Reason #103,235 why I don't (much) trust the mainstream media
August 08, 2005
Consider this 2000+-word article by Robert G. Kaiser, associate editor of the Washington Post, and one of the leading lights of the mainstream media. It's about Finland. The article is the capstone of a series of articles--26 by my count--that Kaiser and Lucian Perkins wrote this spring and summer.
The article explains that Finland has wonderful, free child care. Finland has wonderful, free K-12, undergraduate, and professional education. Finland has wonderful medical care that costs half of ours. Finland has good, indefinitely long unemployment benefits.
The thesis statement of the article is this: "Americans could easily get used to the sense of well-being that Finns get from their welfare state, which has effectively removed many of the tangible sources of anxiety that beset our society."
Excuse me, but I have one little, picky question. With all these wonderful social services, social services that eliminate so many of the sources of anxiety in society, why does Finland have one of the highest suicide rates in the world? More specifically, why is it nearly double that of the anxious U.S.?
I understand that cross-country comparisons of suicide rates might be problematic. There could well be important differences in data collection and reporting that make comparisons misleading. But Kaiser doesn't make that case.
In fact, Kaiser, in this final article, doesn't mention the suicide rate at all. And in a search of the preceding 26 articles, I find only one brief mention of the issue, a question to a leading Finnish scholar, who replies 1) it can get really cold in Finland, and 2) Finns' great empathy for each other, the empathy that supports all those wonderful social programs, "occasionally" turns into "self-destructive melocholy".

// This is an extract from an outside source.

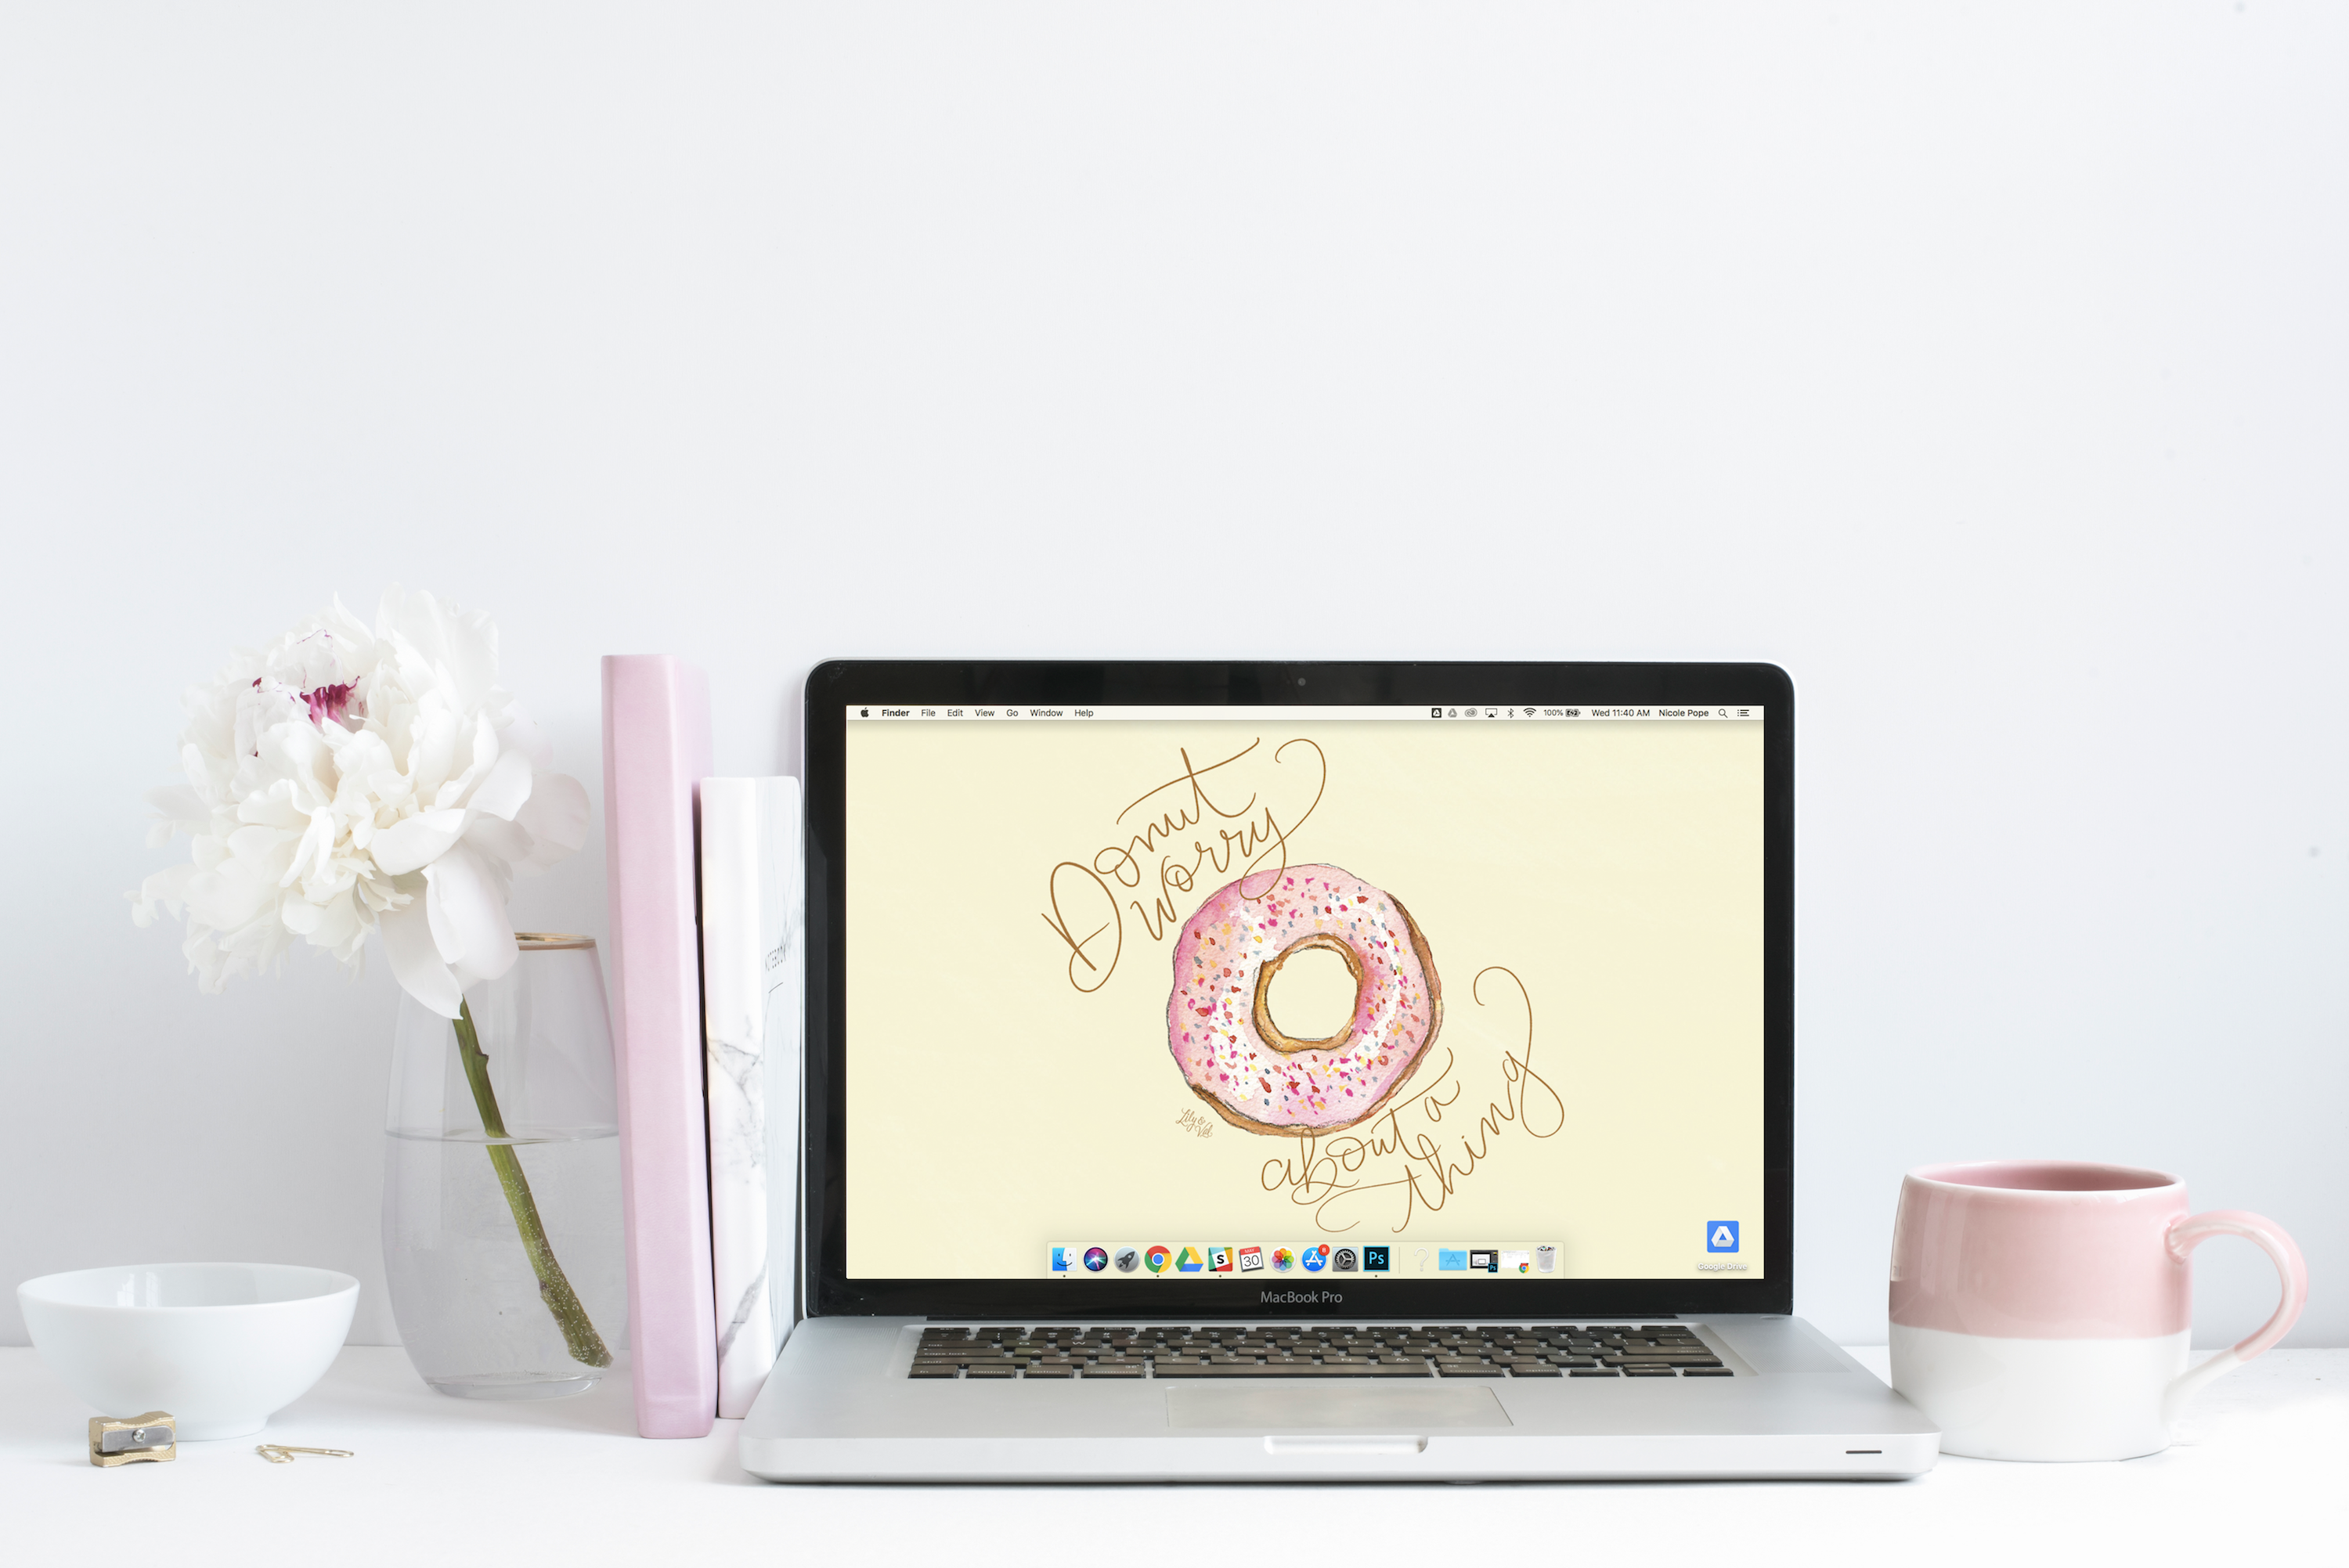 Lily & Val's Free June Donut desktop wallpaper download

Regarding #1: dubious. Sweden seems to be about as cold as Finland, but has a suicide rate comparable to the U.S. Norway and Iceland seem to be almost as cold as Finland, but the suicide rates are, again, comparable to the U.S.
Regarding #2: if this is a good explanation--I have no idea--shouldn't Kaiser reveal it as a Dark Side to the society that supports all those social programs? If those programs were proposed by Republicans, I'd bet a lot of money that the Washington Post would solemnly inform us that empathy has an Important Downside. But Kaiser's love letter to the Finns doesn't provide that caveat.
(My quick Googling for explanations of the high Finnish suicide rate didn't turn up much other than an interesting suggestion that there may be a genetic component.)
(And I note that Kaiser concludes that what the Finns do, Americans probably can't or won't accept. But he does sound awfully wistful.)
For some good news about Anxious America, look at David Brooks's most recent column:
Obviously, we're not living in a utopia, where all social problems have been solved. But these improvements across a whole range of behaviors are too significant to be dismissed. We in the media play up the negative, as we always do. The activist groups emphasize the work still to be done, because they want to keep people mobilized and financing their work.
But the good news is out there. You want to know what a society looks like when it is in the middle of moral self-repair? Look around.